The 14-song album hit #1 on the Billboard album chart, selling nearly four million copies. The Stone Temple Pilots song “Big Empty” was released off of the soundtrack as a single; it hit the top ten of both the Mainstream and Modern Rock charts. A second album, featuring the instrumental score written by celebrated composer Graeme Revell, was released; it includes “Inferno,” the rooftop guitar solo played by Lee’s character in the movie.
5. It Was Good
Trailer for The Crow (Uploaded to YouTube by YouTube Movies
There’s a lot to be said for simply making a good movie. The Crow combined a solid roster of talent in terms of the cast (not just Lee, but veteran actors like Ernie Hudson, Michael Wincott, David Patrick Kelly, and Tony Todd, plus an affecting child-actor turn from Rochelle Davis). The director, the musicians behind the soundtrack, and a talented crew, notably in sound, lighting, and stunt work produced great material. The film arrived at precisely the right time, with the music fitting the times. Tim Burton’s darker comic-book work helped paved the way with two prior Batman features in 1989 and 1992. Lee’s death, as well as the then-recent death of Nirvana frontman Kurt Cobain weeks before the film’s release, cast long shadows that played into the melancholy in the air and in the film. Dimension also showed savvy in the marketing of the movie, making large ad buys on MTV and prominently featuring the music in the ads. The film still carries an 81% positive critic score and 90% audience score at review aggregator Rotten Tomatoes, with strong notices coming from outlets like The New Yorker, Variety, and the L.A. Times. TV Guide offered rapturous praise, calling the film “A gorgeous black valentine that captures the essence of adolescent misery, coupled with a wildly romantic vision of the power of pure love to overcome all obstacles — even the grave.” Rolling Stone critic Peter Travers was wowed by Lee, writing “Draven is the rocker as avenging angel, prowling the streets cracking jokes and heads but also capable of expressing great feeling. Lee is sensational on all counts in a final performance that brims over with athleticism and ardor.”

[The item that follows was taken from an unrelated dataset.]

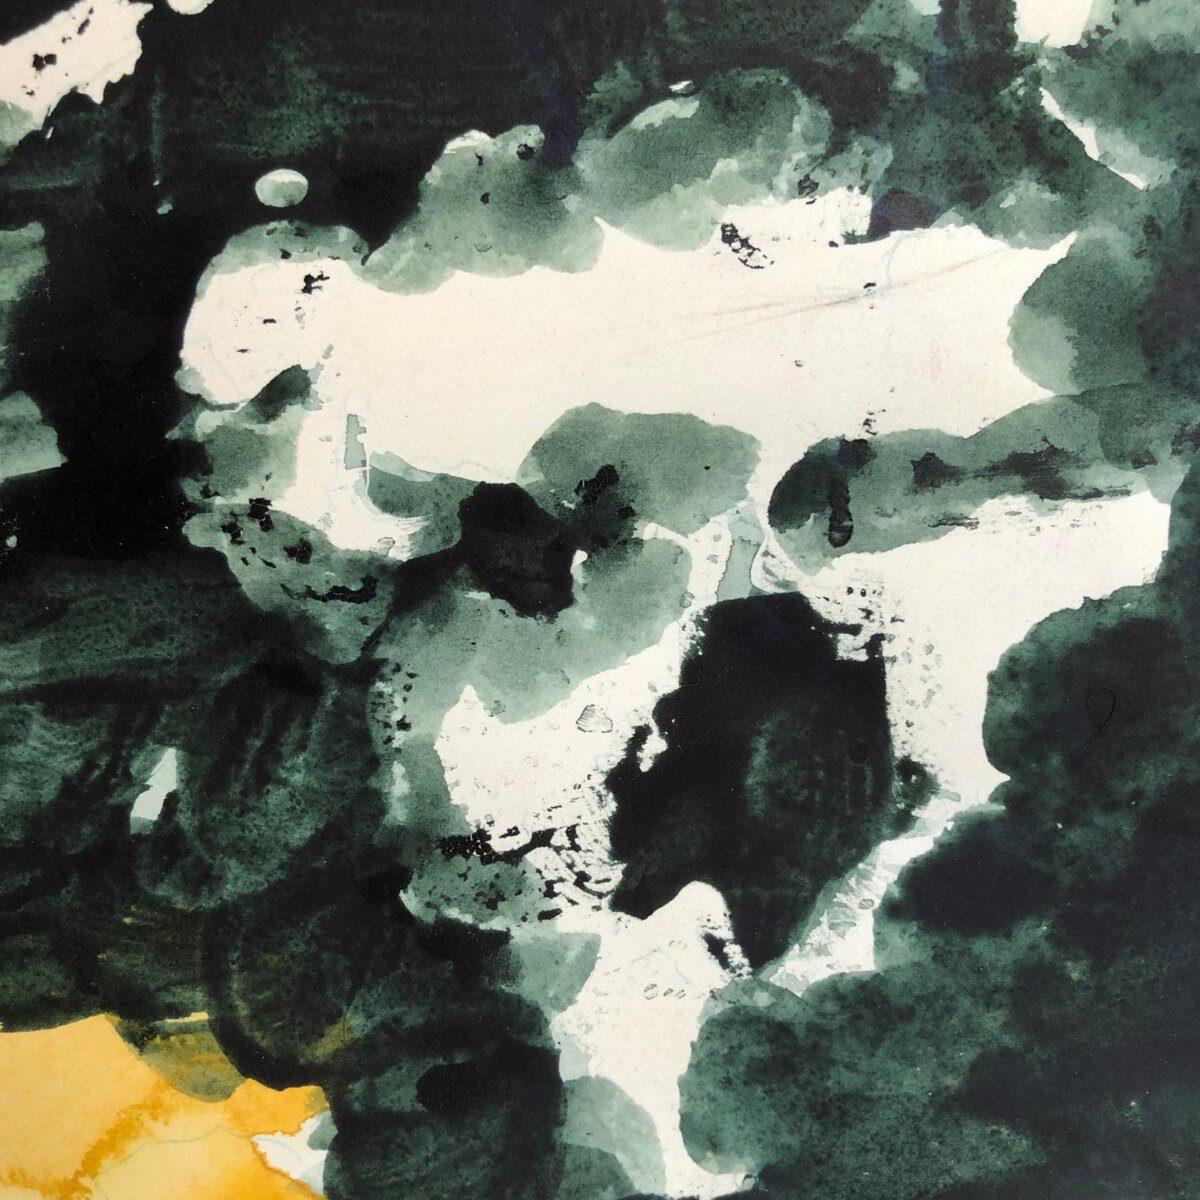 Hans Broek, Autumn (2004) detail 4
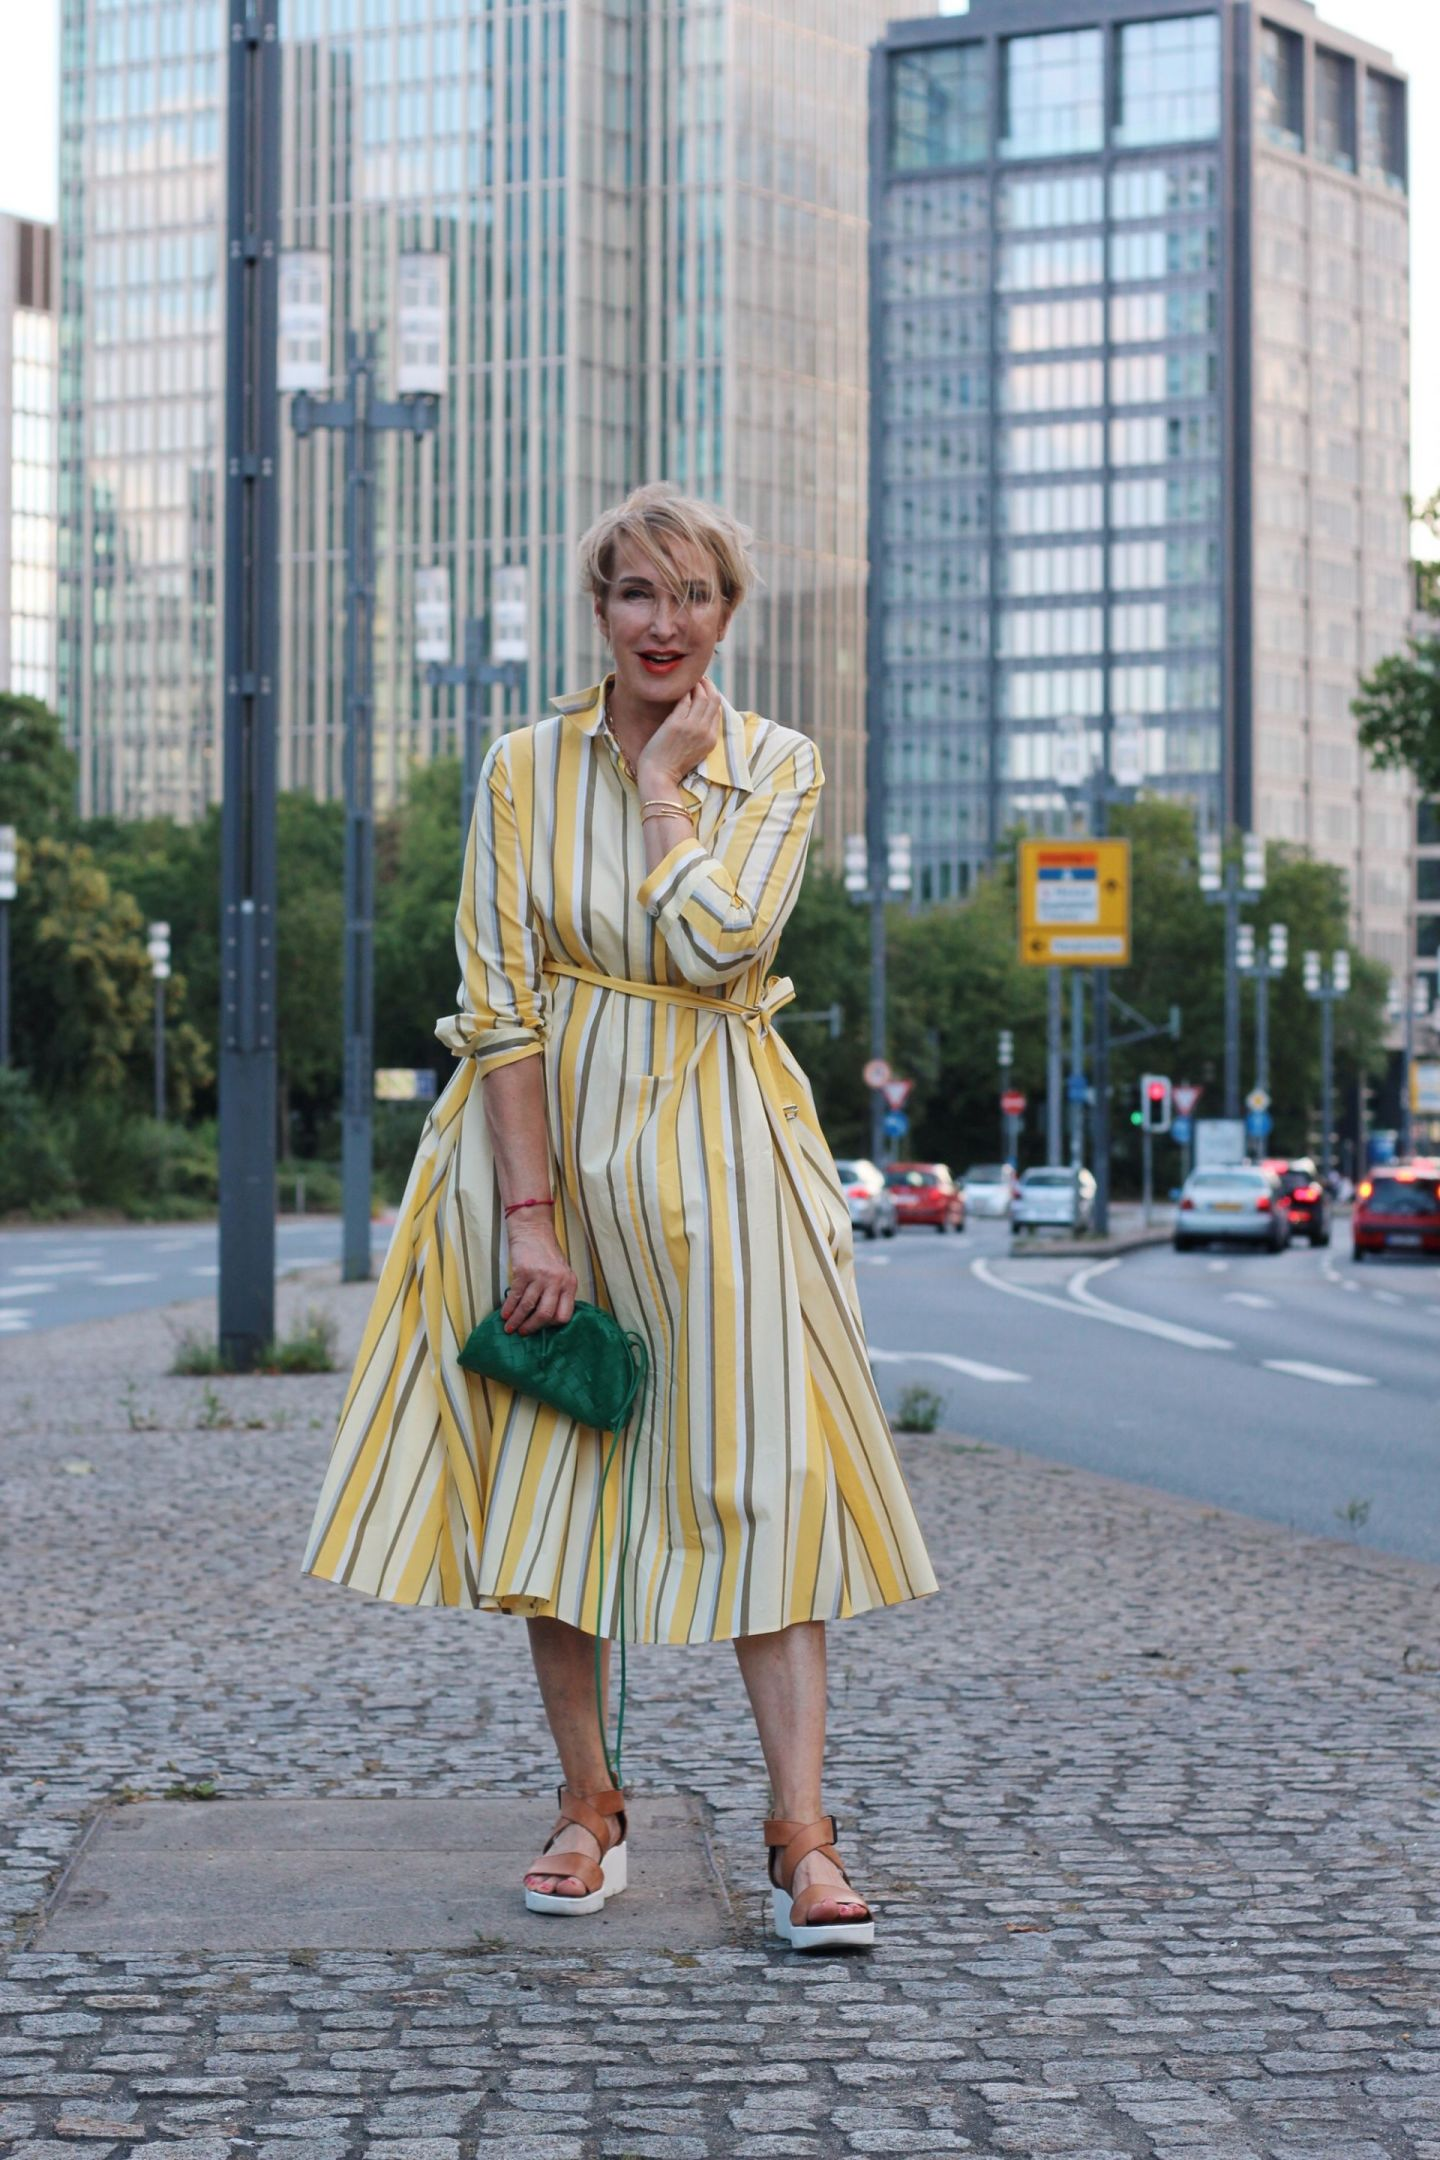 glamupyourlifestyle taschen taschenmodelle ue-40-blog ue-50-mode

Today, James O’Barr continues to create The Crow in comics, with the most recent series published last year. Three additional Crow films were made in 1996, 2000, and 2005, bracketing a 1998 television series. Director Colin Hardy and actor Jason Momoa were said to be involved in a new film, but both departed the project in 2018. There have also been novels, card games, and a video game. Still, the most iconic version of the character outside the written page continues to be the one brought to (after)life by Brandon Lee. The Crow remains a unique snapshot of its time, creating an effective parable about love and loss. The work deals in some serious darkness, but as Lee’s character himself says, “It can’t rain all the time.”